How Blessed Are We

But I say to you: Blessed is he who exposes himself to an existence never brought under mastery, who does not transcend but, rather, abandons himself to my ever-transcending grace. Blessed are not the enlightened whose every question has been answered and who are delighted with their own sublime light, the mature and ripe ones whose one remaining action is to fall from the tree: blessed, rather, are the chased, the harassed who must daily stand before my enigmas and cannot solve them.

Hans Urs Von Balthasar, Heart of the World, pg. 183

9 thoughts on “How Blessed Are We

  1. I feel challenged everyday to be courageous, have the answer. I always seem to fall short. I’m always saying “I don’t know.” It’s okay to “not know.” Oh, my goodness!

  2. This – and the comments – reminds me of a section from the Office of Readings from yesterday. I printed it out in big letters – it has become my favorite for now. How the Lord works!:

    “One may toil and struggle and drive, and fall short all the more. Another goes his way a weakling and a failure, with little strength and great misery– Yet the eyes of the LORD look favorably upon him; he raises him free of the vile dust, Lifts up his head and exalts him to the amazement of the many.” (Sirach 11:11-13)

    Jerome

  3. One can revisit a line of Scripture 80 times, and 80 times one will not only see something new, because it, too, is alive, but one will sense a Smile behind it, “You don’t even know the half of it. Keep looking.” One comes to think that one will be walking down the street one day wrapped in a big frown, when the 81st understanding, fresh and regal this time, will leap from the bushes, tackling one around the neck down to the ground in a laughing embrace. One will suddenly think of how his own great thoughts were straw, and another will know her every sound is a honking and a braying.

  4. 🙂 Me, too! Maybe that’s what is happening when our frown is distracted by, say, even bird chatter above the dull sidewalk, that seems hilarious..He has given these creatures not only means of flight, but abundance, and in lean times He has caused *angels* of birdfeeders to appear where they can find them. That’s not enough, tho’ –He gave them their own language which is more than song–these little brown things that weigh less than an ounce! Did He create birds great and tiny in anticipation of our sudden wondering about how Good He is, how Unique, how Loving–is there anything He wouldn’t do for us, too? and about how to fly closer to Him–and so that we, too, might think about being angels of “birdfeeders” to much greater creatures in the cold, hungering thin times?
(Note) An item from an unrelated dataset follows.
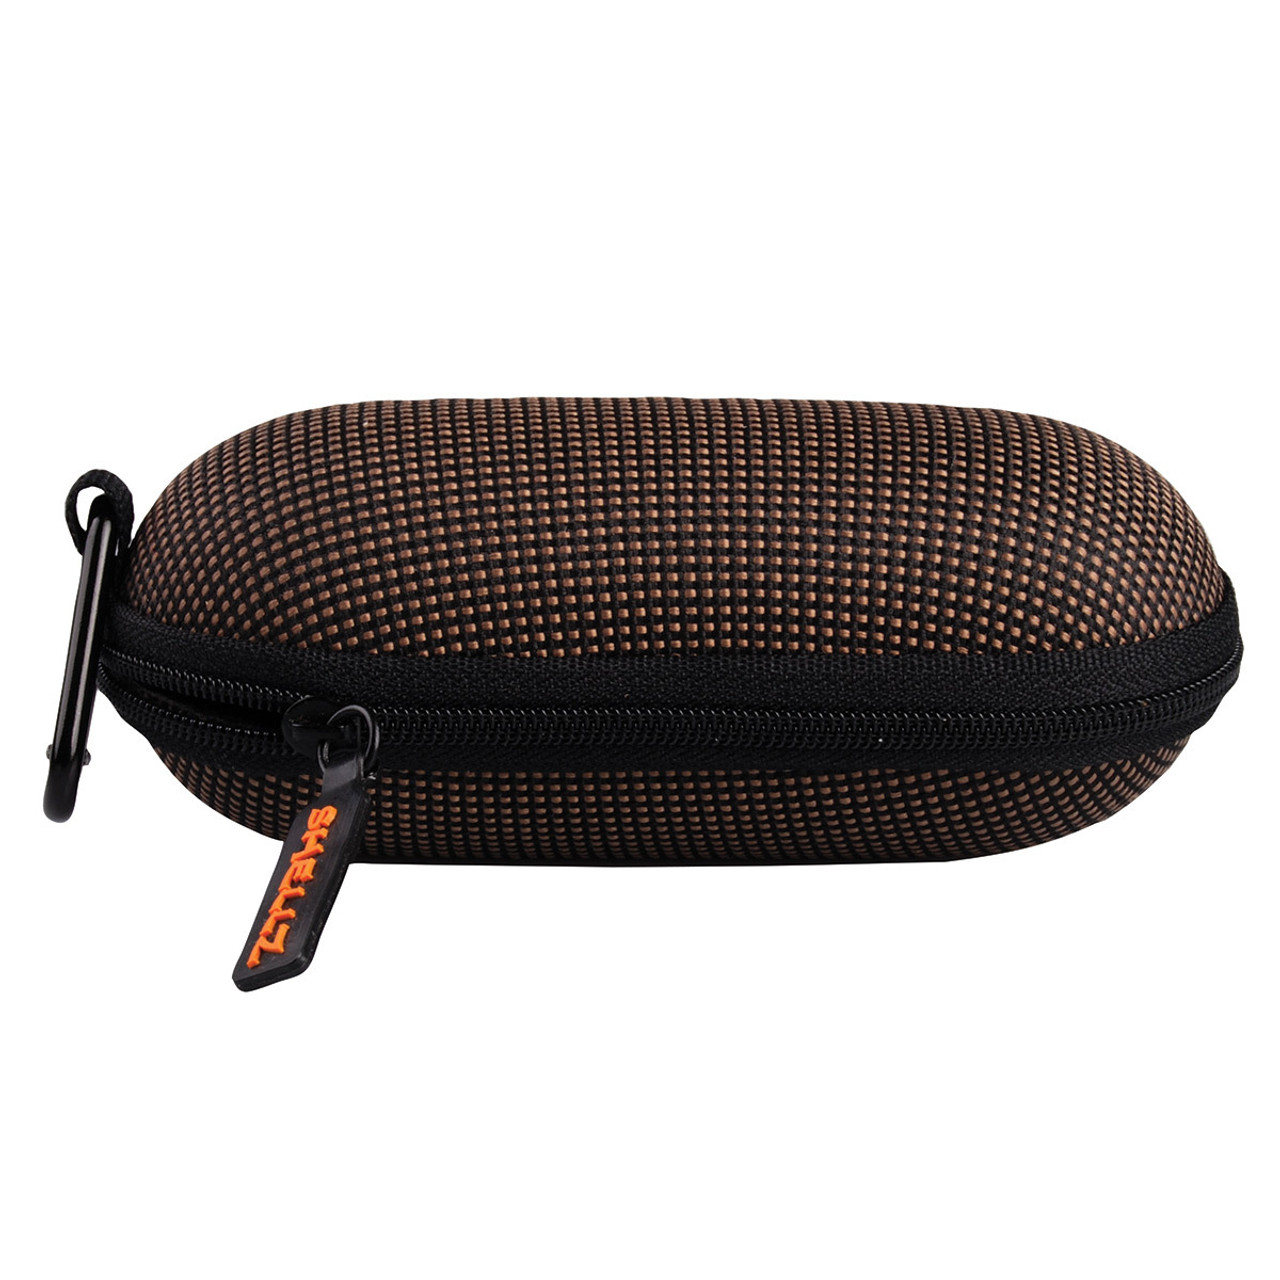 Shellz Zipper Case glass pipe protection UNS Wholesale Smoke Shop Head Shop Novelty Supplies Wholesale

    Well, I hope we’re also lovingly Tackled the moment we leave the earth. I hope I’ll be holding a box of Russell Stover assorted creams at the moment, so I can finally give Him the two raspberry hearts–one for Him, and one for Him to give His mom.

  5. Love all of your comments! Thank you. It’s very true; Jesus often says He reveals great things to the little ones, and I agree entirely about reading Scripture and always discovering different meanings. My impression, when Von Balthasar was talking about the “enlightened” ones, was that he was referring to people like the Pharisees, who refused any openness to Truth being revealed in ways different from their own. I mean, we all want to grow in enlightenment, don’t we? And we all benefit from “ripe fruit”, no? I guess the important thing, when one is a ripe fruit, is to allow oneself to be consumed so you will be nourishment for others, otherwise you will just rot on the branch or be squished underfoot. Ugh. A messy business.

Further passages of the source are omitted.